Judiciary Committee Chairman Jim Jordan (R-OH) and Subcommittee on the Administrative State, Regulatory Reform, and Antitrust Chairman Thomas Massie (R-KY) sent a letter to Bank of America after FBI whistleblowers testified that the bank provided a list of anyone who used their services in the Washington, DC, area regardless of whether or not they participated in the January 6 protests.

Massie and Jordan emphasized that Bank of America provided the FBI with this information “voluntarily and without any legal process.”

It remains unclear if Bank of America voluntarily provided Americans’ transaction data to the FBI Washington Field Office or if they complied with a bulk subpoena.

The conservatives wrote in their letter:

This testimony is alarming. According to veteran FBI employees, BoA provided, without any legal process, private financial information of Americans to the most powerful law enforcement entity in the country. This information appears to have had no individualized nexus to particularized criminal conduct, but was rather a data dump of BoA customers’ transactions over a three-day period. This information undoubtedly included private details about BoA customers who had nothing at all to do with the events of January 6. Even worse, BoA specifically provided information about Americans who exercised their Second Amendment right to purchase a firearm.

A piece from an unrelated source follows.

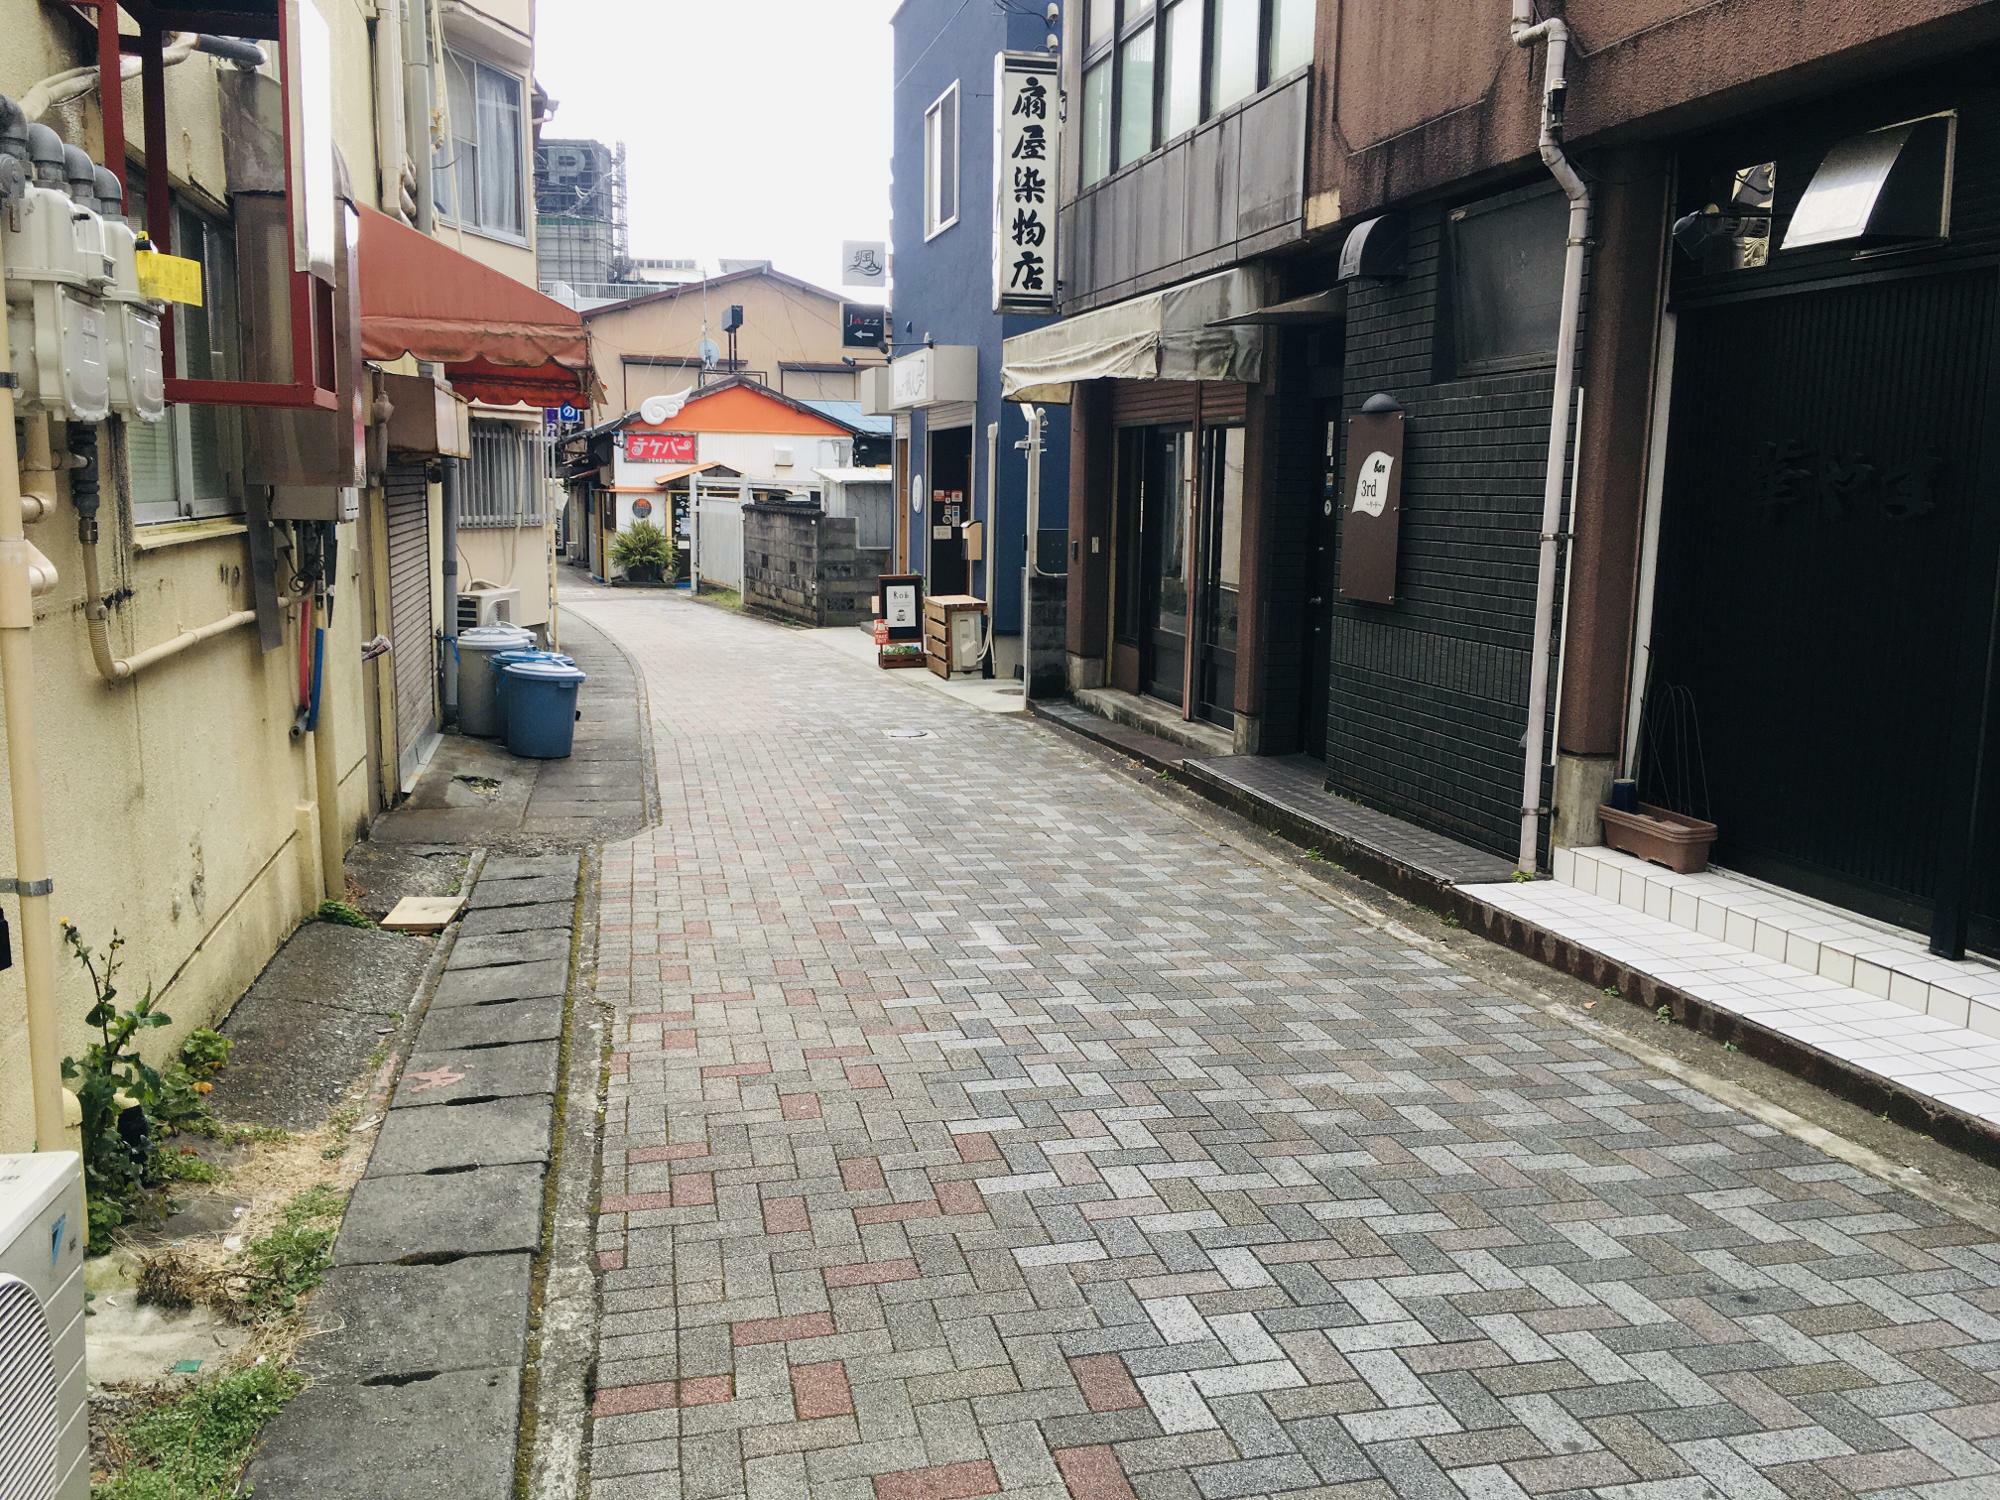 鎌倉古道からcafe Rob 三島店へ続く小道の様子

The lawmakers asked Bank of America to provide the Judiciary Committee with all documents and communications relating to the provision of financial records to the FBI.

Massie, a member of the weaponization subcommittee, emphasized during the subcommittee’s mid-May hearing that an FBI whistleblower testified that there was no geolocation fencing regarding the datamining of Americans’ purchasing of firearms:

C-SPAN

Rep. Dan Bishop (R-NC) said that the BoA’s alleged turning over of Americans’ transactions amounts to “victimization at scale” of Americans:

Rep. Dan Bishop / Twitter

A recent FBI audit found that the agency had “insufficient justification” for two FISA searches relating to “January 6th capitol violence.”